European Stocks Open Steady as Linde Surges, Ryanair Tumbles
(Bloomberg) -- European equities opened little changed, as Ryanair slumped the most since 2016 after cutting its earnings outlook and Linde surged after winning approval from China for a merger with Praxair.
The Stoxx Europe 600 Index was up less than 0.1 percent at the open. Banking stocks were among the biggest decliners following a report in La Repubblica that the EU commission will reject Italy’s budget proposal in November. Oil stocks traded higher as Brent traded near $83 a barrel, with Total and Shell rising.

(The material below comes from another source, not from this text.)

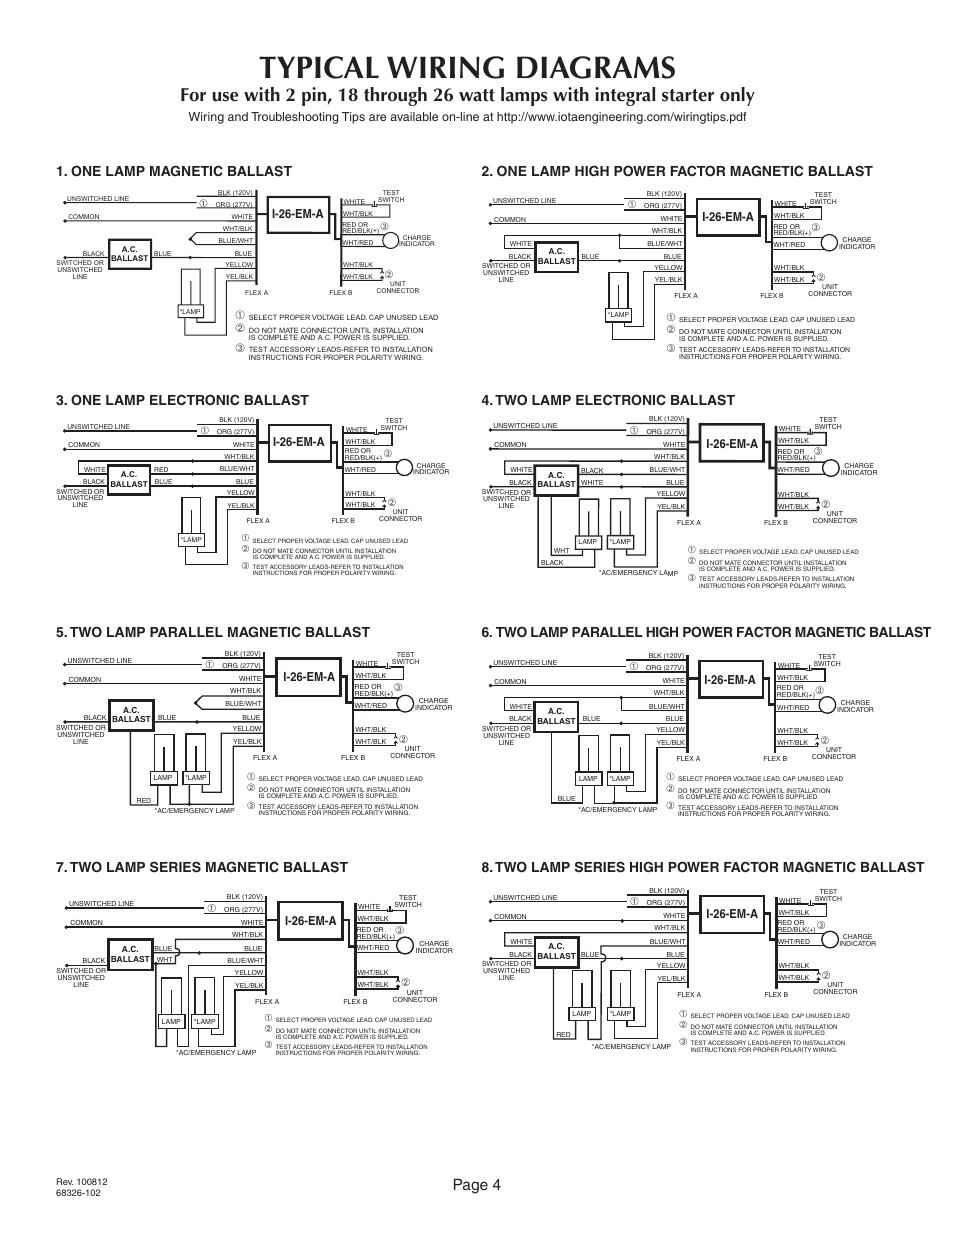 Unique Bodine Emergency Ballast Wiring Diagram Photos - Wiring ...
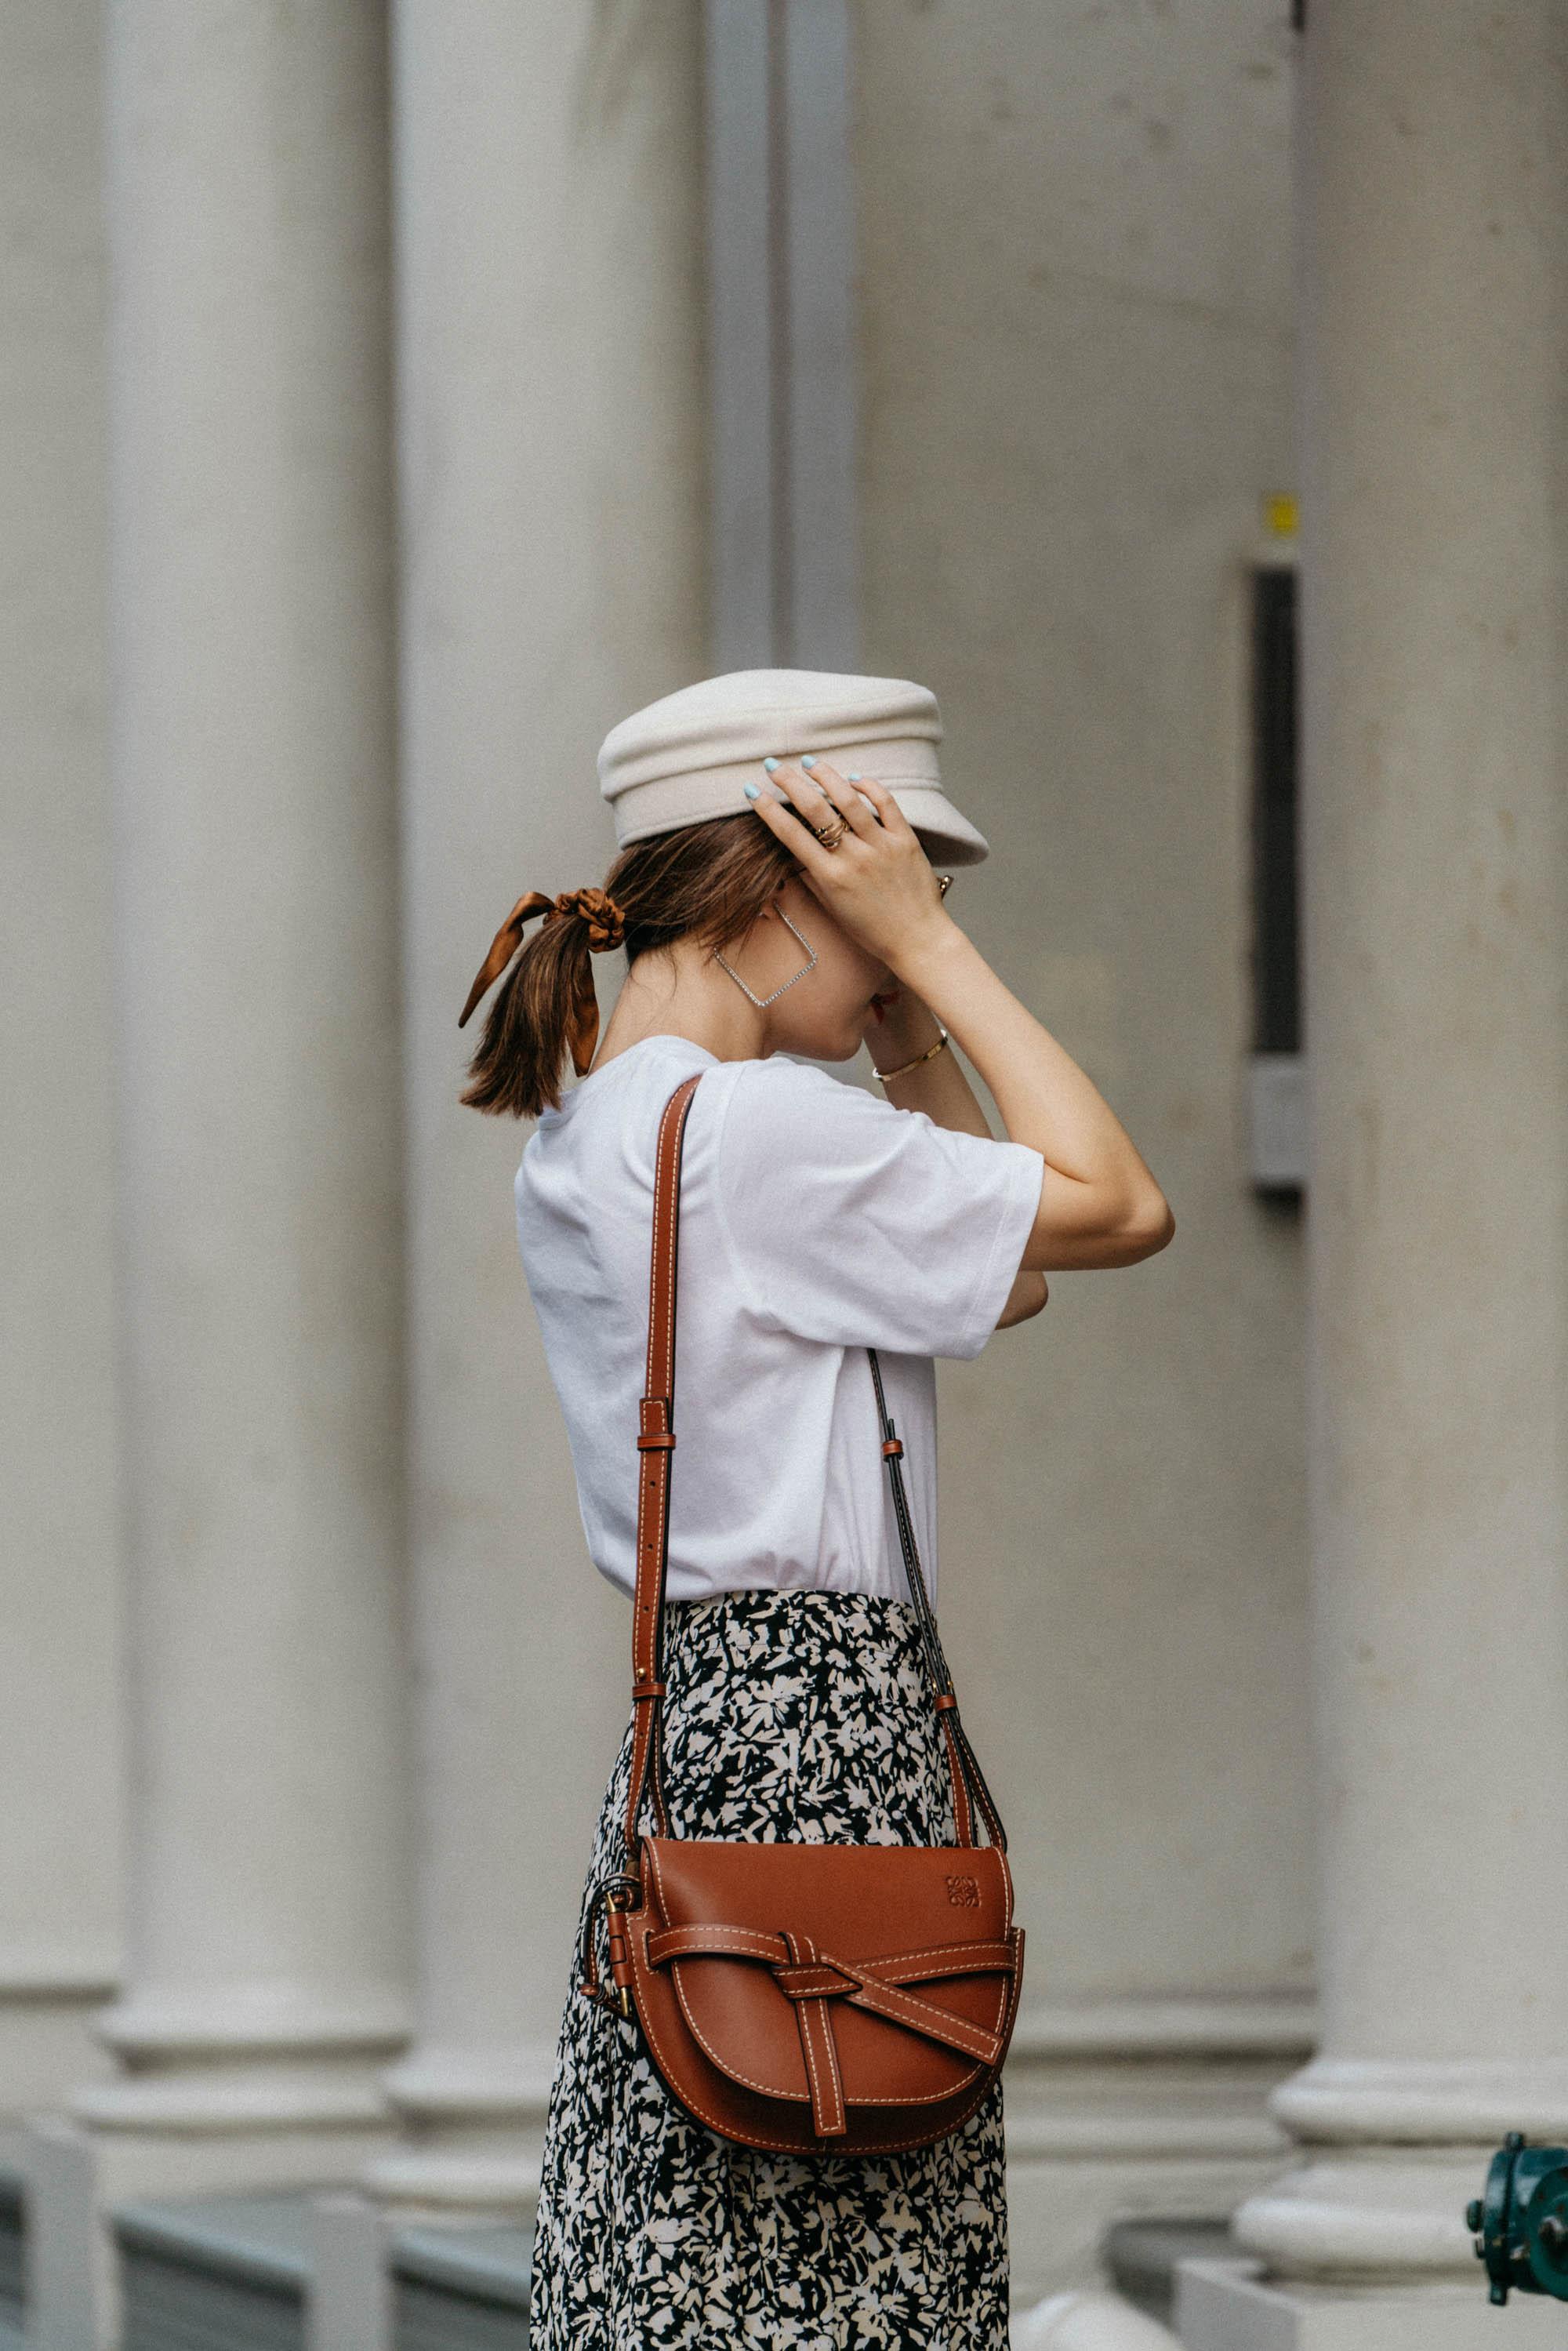 Common Odds Shirt,  Proenza Schouler Skirt,  Loewe Bag ,  Ruslan Baginskiy Hat ,  Donni Scrunchie ,  AREA Earrings

Ryanair plunged as much as 9.8 percent in London after Europe’s biggest discount carrier lowered its full-year profit guidance by 12 percent, becoming the latest airline in the region to slash its outlook due to higher fuel costs. Investors continue to focus on trade talks and their impact on global growth as U.S. and Canadian negotiators secured an agreement to preserve a three-way trade bloc with Mexico.
“The real worry these days is Italy, this subject will dominate the next sessions,” said Guillermo Hernandez Sampere, head of trading at MPPM EK in Eppstein, Germany. “It is very positive that U.S. and Canada found an agreement, after the negotiators worked around the clock to find a solution. The door to find a deal with China is still open, markets will like that.”